Take a peep into the future, and you will come face-to-face with many Big data challenges. With paradigm shifts taking place on the technology and business sides of predictive analytics and Big Data consistently, it’s important that we gear up to face the challenges of tomorrow.
Hype Leads to Fear, Uncertainty, and Doubt (FUD)
As per Scott Knau, CEO of Teradata, one of the biggest concerns faced by Big Data marketers and users is linked with the irrational hype surrounding the same. This, in turn, is leading to uncertainty, fear, and doubt with regard to its adoption in various industry verticals and practical applications. The ever-escalating combination of this hype and FUD is releasing mixed messages that are capable of being misinterpreted by decision-makers. This is complicating issues further with organizations juggling between using Big Data to add more value and avoiding the same.
This problem set has been analyzed by Olly Downs, senior VP of Globys Olly Downs, a reputed Big Data company, "It's all about getting into a situation where Big Data is no longer concerning," he opines.

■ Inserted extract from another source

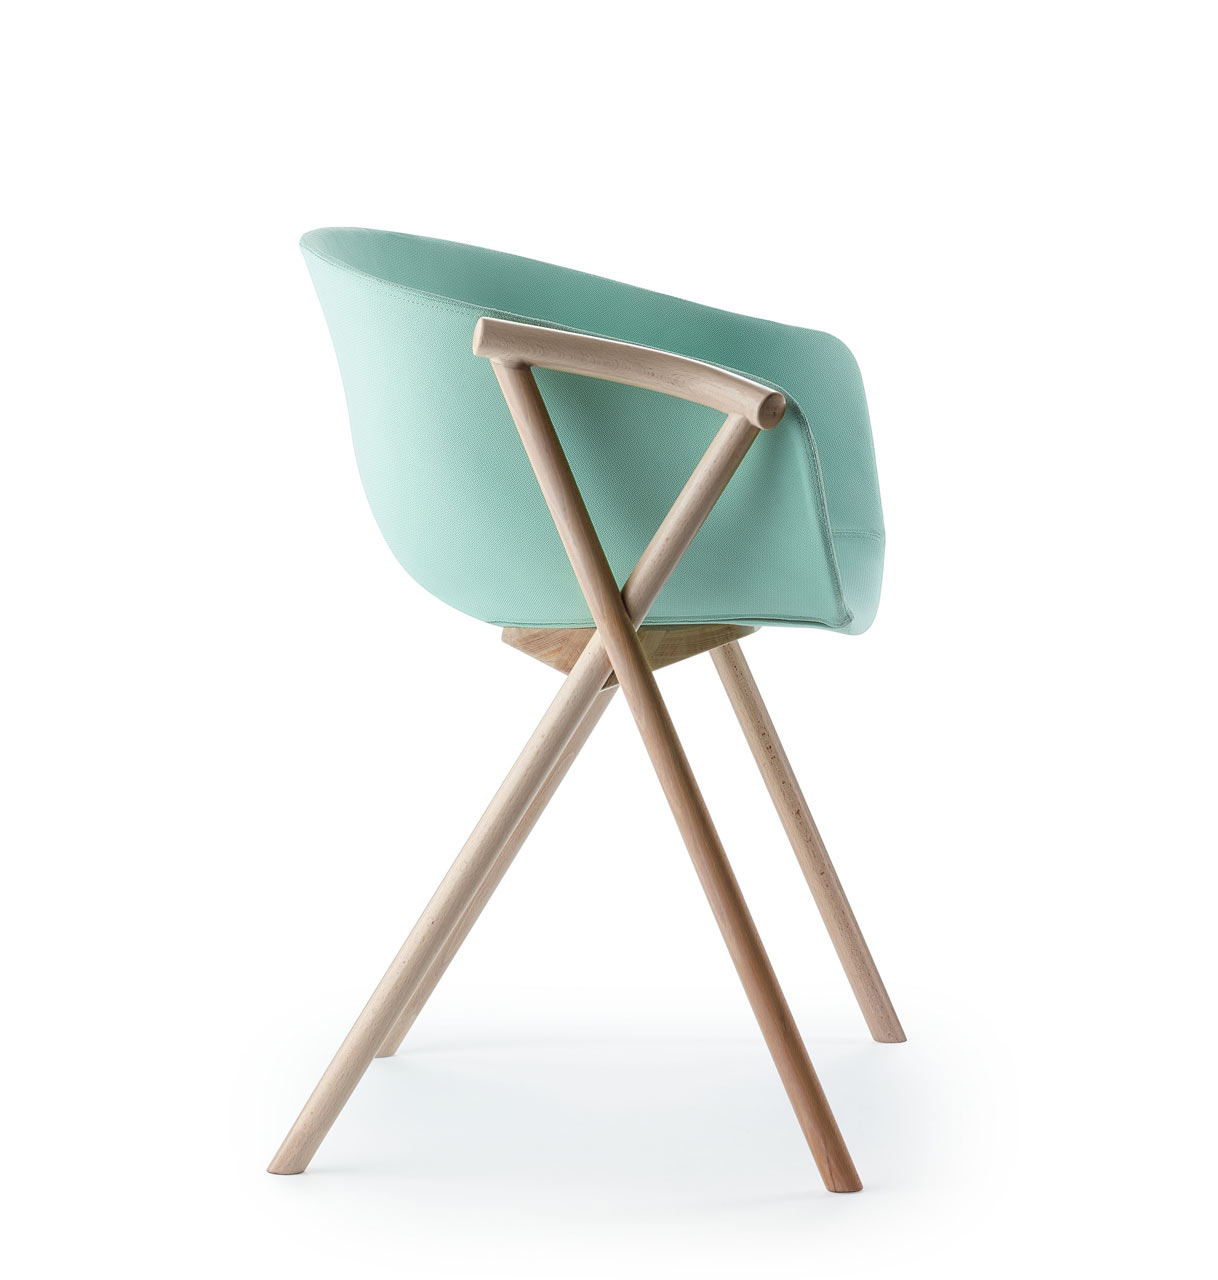 Bai-Chair-Ondarreta-Ander-Lizaso-2

He finds an analogy between business intelligence (in its earlier days) and Big Data and how the former struggled to gain the confidence of its users in its entirety. Even as things unravel for Big Data and help it consolidate its position on firmer grounds in the future, it’s important to keep researching, gathering concrete knowledge, and removing all uncertainties that fog implementation-related decisions.
Scarcity of Talent
Big Data has managed to make its mark in a short time, thereby leaving recruiters, data warehouses, and large-sized companies in deep waters with regard to talent procurement. Fortunately, a host of Data Science courses and certificate programs are collaborating with corporate needs and higher education, thereby creating an optimistic scenario for the future. The need of the hour is to understand and adopt the shifts in data science education, encourage the younger lot to go in for more specialized majors—specifically with respect to Biog data use in Business, and upgrade Big Data team members and data scientists with a view to enhancing existing in-house capabilities.

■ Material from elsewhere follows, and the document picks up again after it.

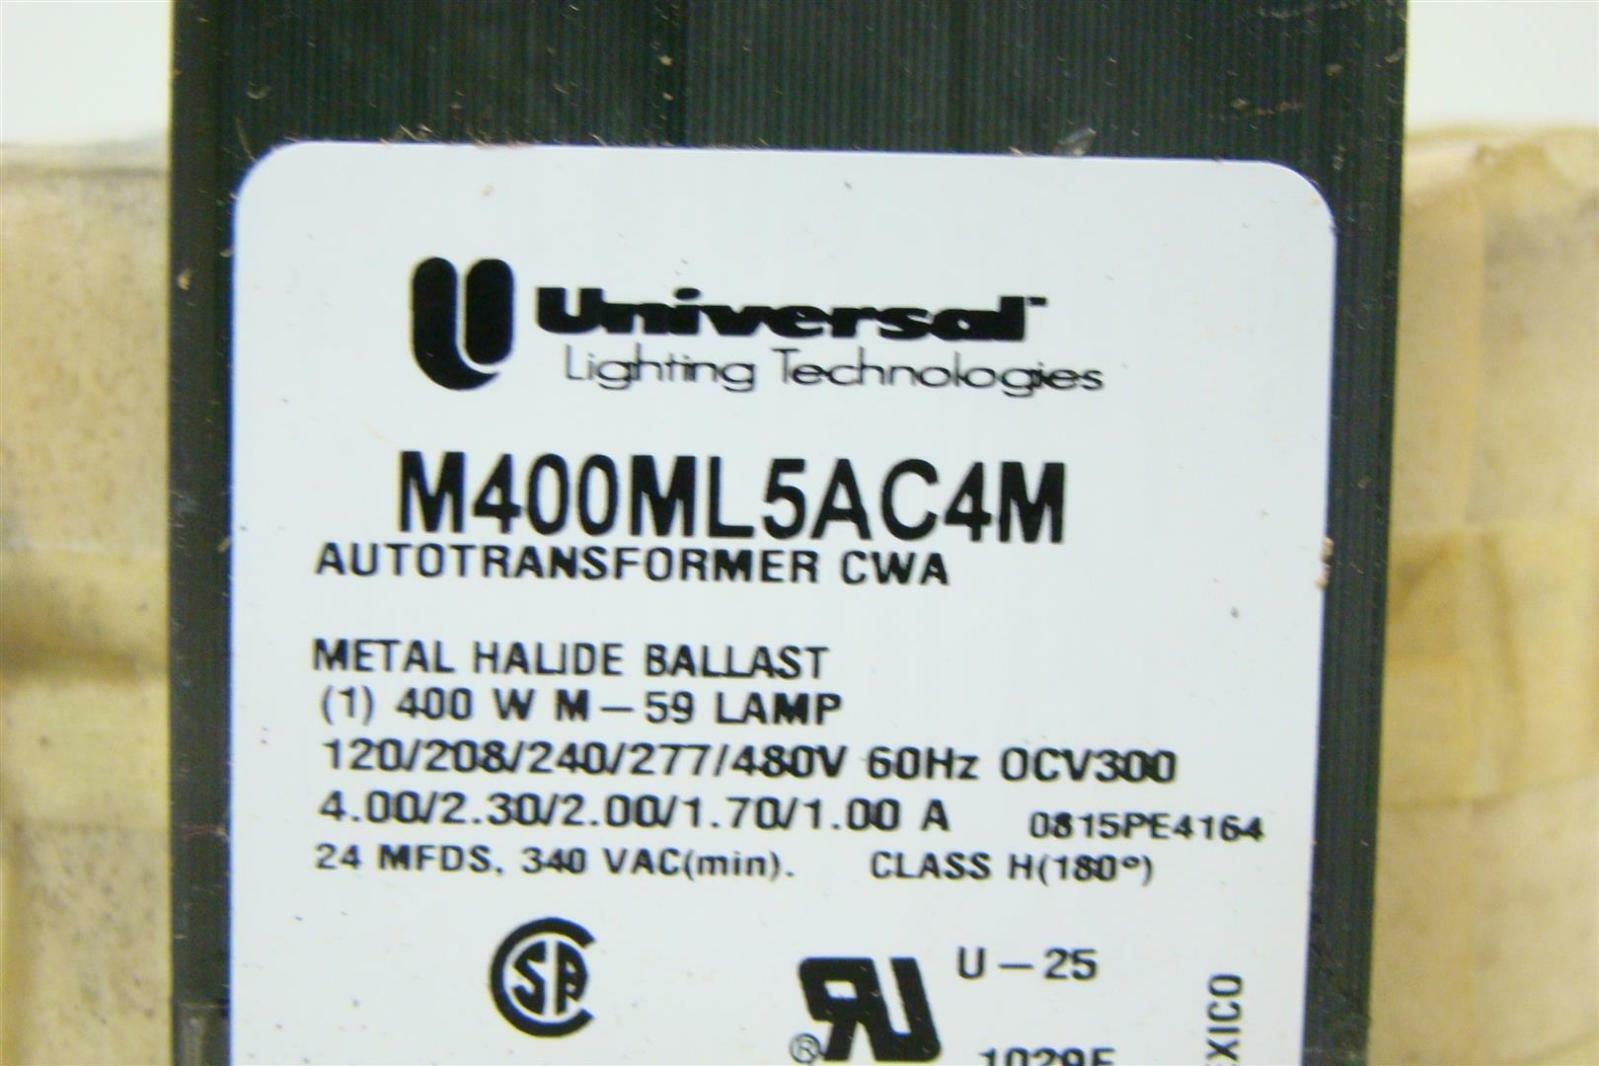 Universal Lighting Technologies Metal Halide Ballast M400ML5AC4M Universal Lighting Technologies Metal Halide Ballast M400ML5AC4M ... & Universal Lighting Technologies Metal Halide Ballast M400ML5AC4M ... azcodes.com

The right way of addressing the challenge of scarce Big Data talent, which is bound to magnify in the years to come, can be seen in the form of a corporate-based model to build a Big Data talent base via a smart mix of toolsets, techniques, and education. Today, companies have to start working on the right people (and also new ones) by:
Building architectural setups and toolsets for developing professional services teams.
Building on all available knowledge worker skill sets to align with the business and technology needs of predictive analysis/ Big Data.
The idea is to recognize the "sweet spot" in the tasks that need the skills and tools of a knowledge worker and a data scientist alike. If companies manage the act, then they will obviously be in a stronger position to leverage the benefits of Big Data as a robust business platform. They will be able to save more time and focus on other higher-end Big Data tasks with more skilled resources in hand.
Unprecedented Growth in Data
The growth of Big Data has been rightfully summed by Russ Kennedy, VP of strategic marketing, CleverSafe, "There is obviously a deluge in information as Big Data expands to capture social media, mobile, and other data-intensive areas," he said. This said it is now time to capture available data in more economically viable and reliable ways. From designing and managing to replicating and securing the data, there is a lot of work in store for organizations dealing with Big Data tools and datasets. It is essential to think of more innovative and better storage strategies today so as to handle this Big Data challenge that is bound to arise tomorrow. Additionally, adherence to international compliance programs and all potential legal issues dealing with the storage of growing data in diverse geographic locations have to be handled too.
Careful foresight and timely preparations, finding ways of storing and protecting expanding data, and innovating the tools of Big Data analytics for transforming the data into more useful information, will create a better tomorrow for all users of this technology.
Currently, most Big Data headlines are tracking how customer behavioral patterns are being impacted across multiple industries. Market watchers are also keeping an eye on how Big data is entering the domains of heavy machinery industries such as construction, mining, and industrial manufacturing. With automation enabling analytics and decision-making like never before, especially where Big Data metrics are concerned, the need for customized applications, software, tools, and technologies is increasing, too; yes, one size doesn't fit all in this case. If companies desire prospers in tomorrow’s Big Data world, they have to start putting their infrastructure, processes, tools, and staffing investments in order. Right way!